La pretesa insussistenza del fumus del reato di cui all'art. 5 lettera b, della legge 283/62, in quanto le vasche in cemento non vetrificate non sarebbero contrarie alla legge e non comporterebbero affatto una alterazione del processo di vinificazione, non esclude la configurabilità della contravvenzione in quanto non è necessario che il cattivo stato di conservazione si riferisca alle caratteristiche intrinseche di dette sostanze, ma è sufficiente che esso concerna le modalità estrinseche con cui si realizza, le quali devono uniformarsi alle prescrizioni normative, se sussistenti, o a norme di comune esperienza. È stato, poi, congruamente motivato che "trattandosi di procedimento cautelare, il giudice deve fare riferimento all'esistenza del fumus, essendo compito del giudice del dibattimento accertare se effettivamente la conservazione del mosto in vasche di cemento non vetrificate sia inidonea ad una buona conservazione del mosto.
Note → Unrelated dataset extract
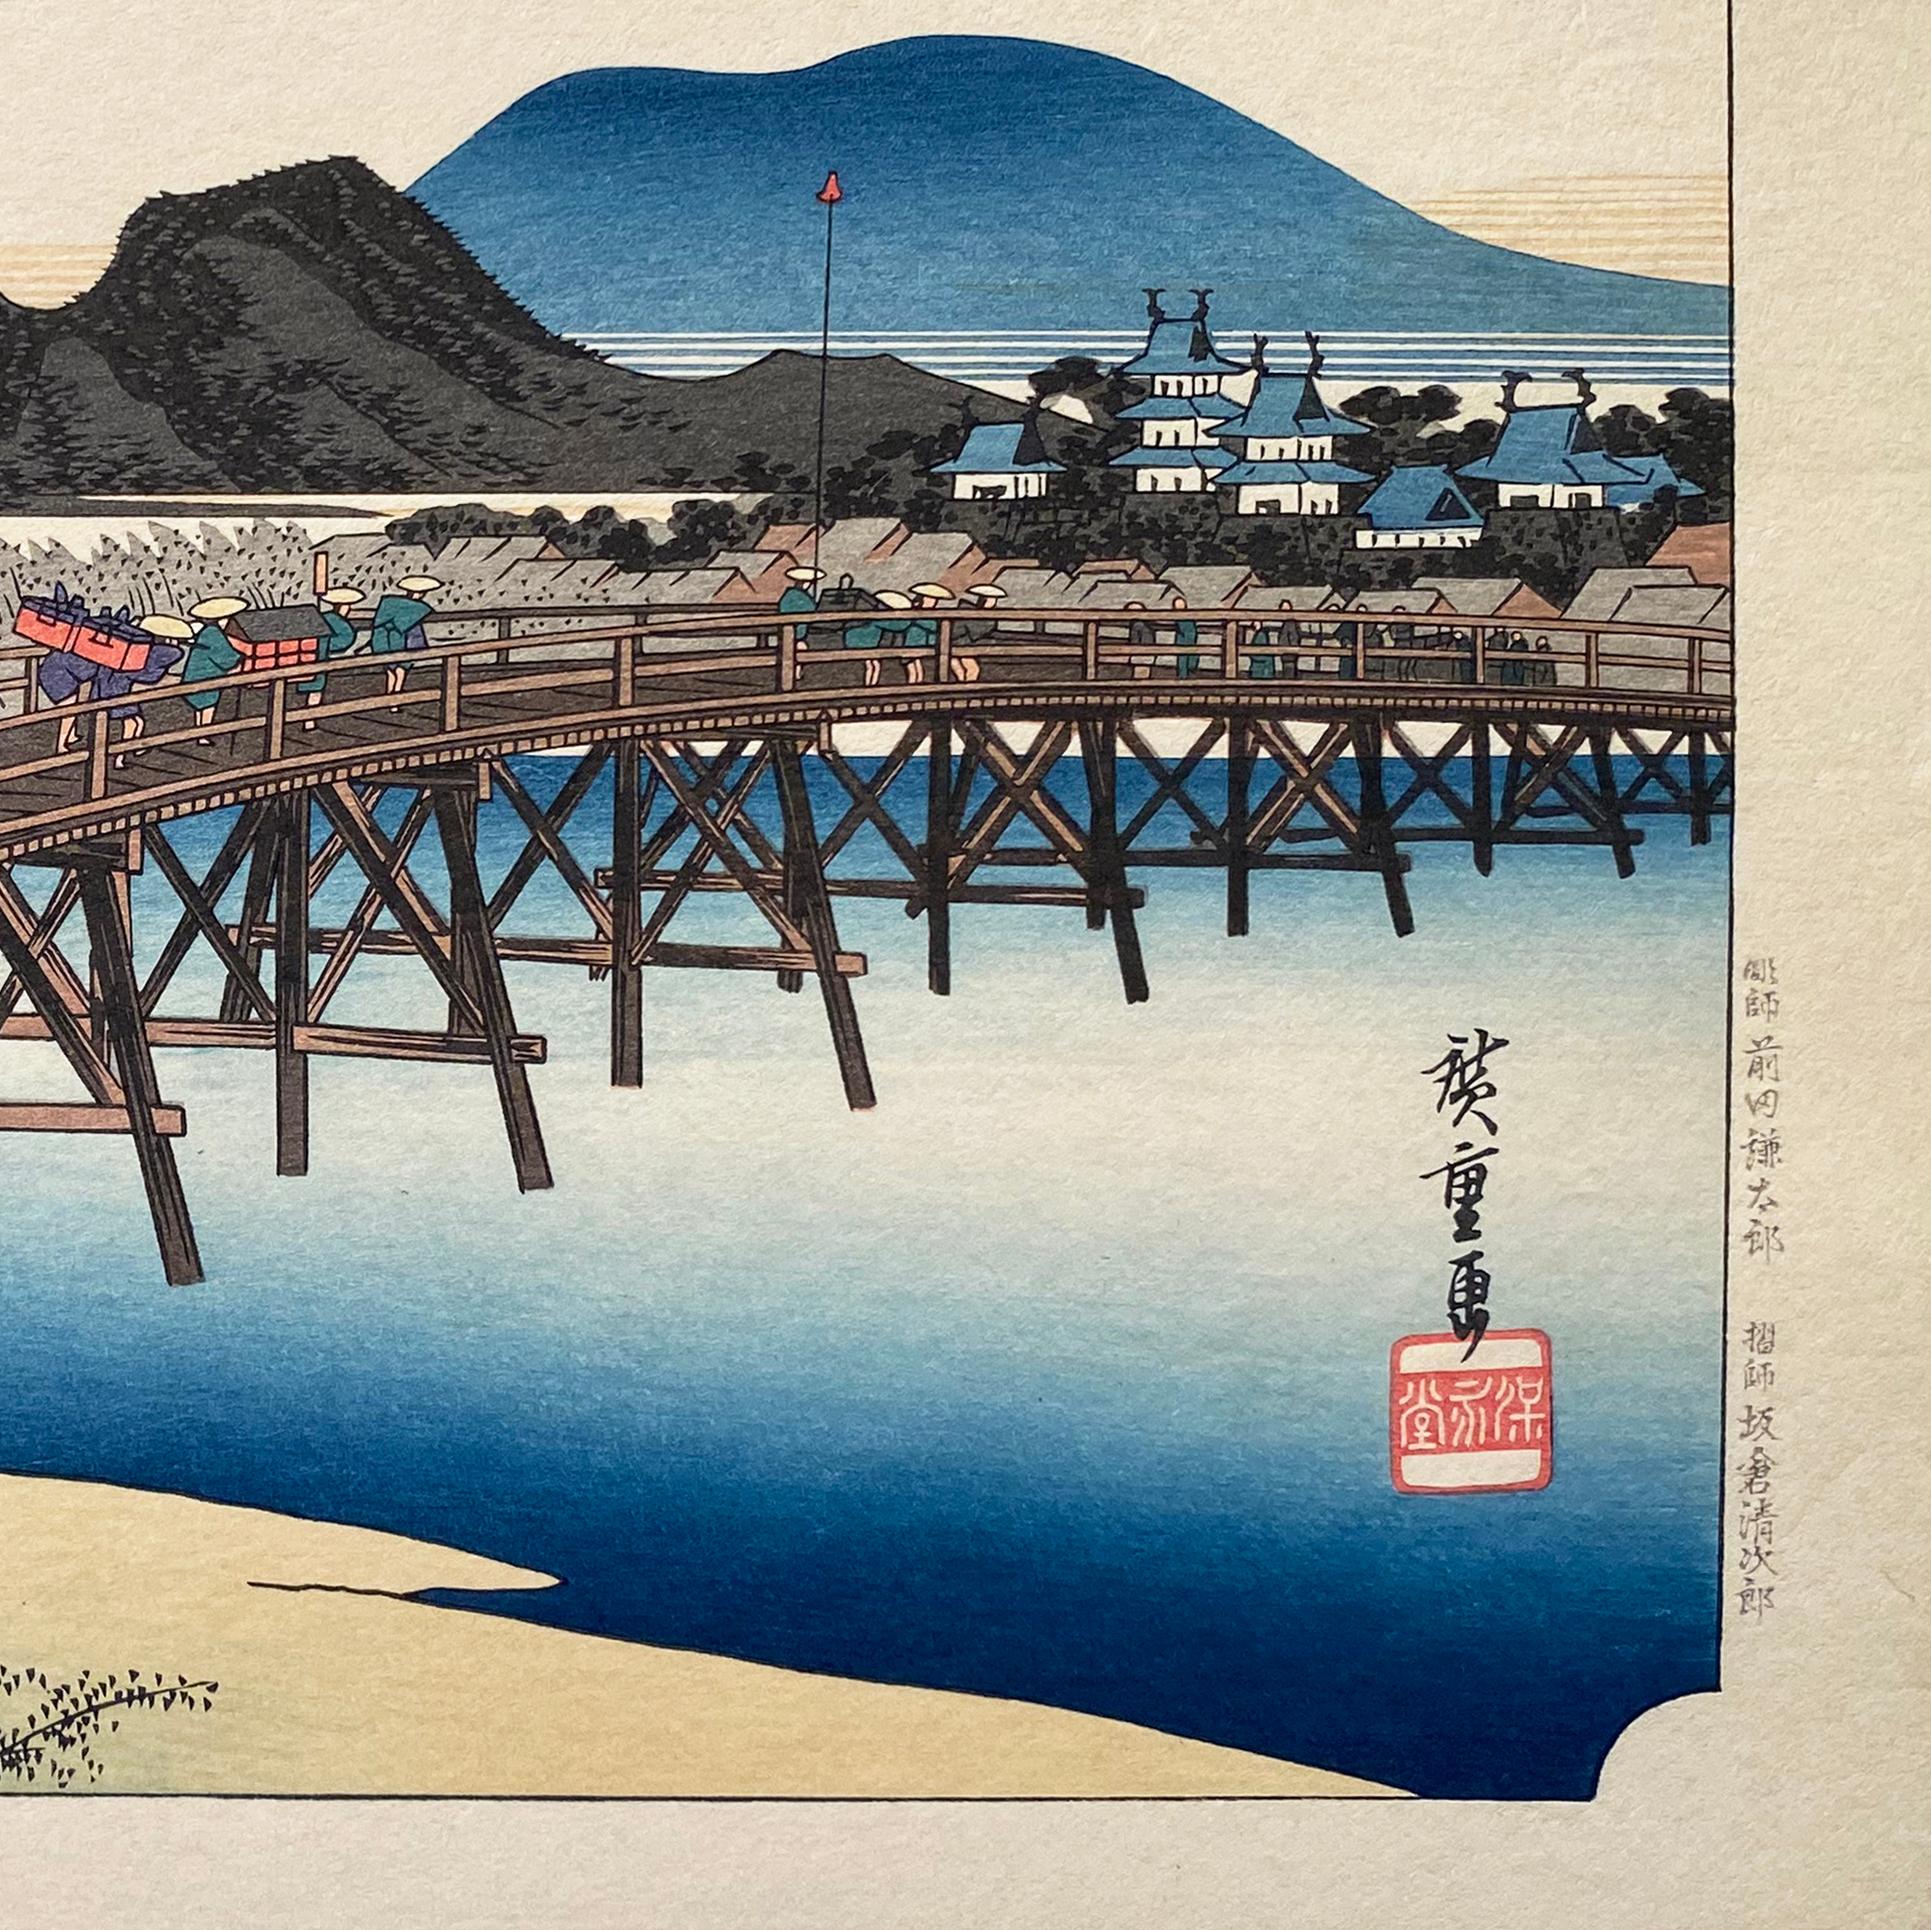 'View of Okazaki', After Utagawa Hiroshige 歌川廣重, Ukiyo-e Woodblock, Tokaido - Print by Utagawa Hiroshige (Ando Hiroshige)

Nel caso in esame, tale valutazione è stata compiuta dalla Dott.ssa Palma Maria Assunta e dall'Isp. Emilio Petrosino, rispettivamente dirigente ed Ispettore del Servizio di Igiene Pubblica dell'ASL BR 1, i quali hanno concluso che la conservazione del mosto in vasche non vetrificate costituisce grave pregiudizio per la genuinità del prodotto ivi stoccato, e che "tale valutazione da parte di un organo tecnico qualificato, finalizzato alla tutela della salute dei cittadini, appare sufficiente per rendere sussistente il fumus del reato contestato, mentre la valutazione del perito di parte si basa su mere ipotesi non assistite da alcun riscontro concreto".
P.Q.M.
la Corte Suprema di Cassazione rigetta il ricorso e condanna il ricorrente al pagamento delle spese del procedimento. Così deciso in Roma, il 21 aprile 2004.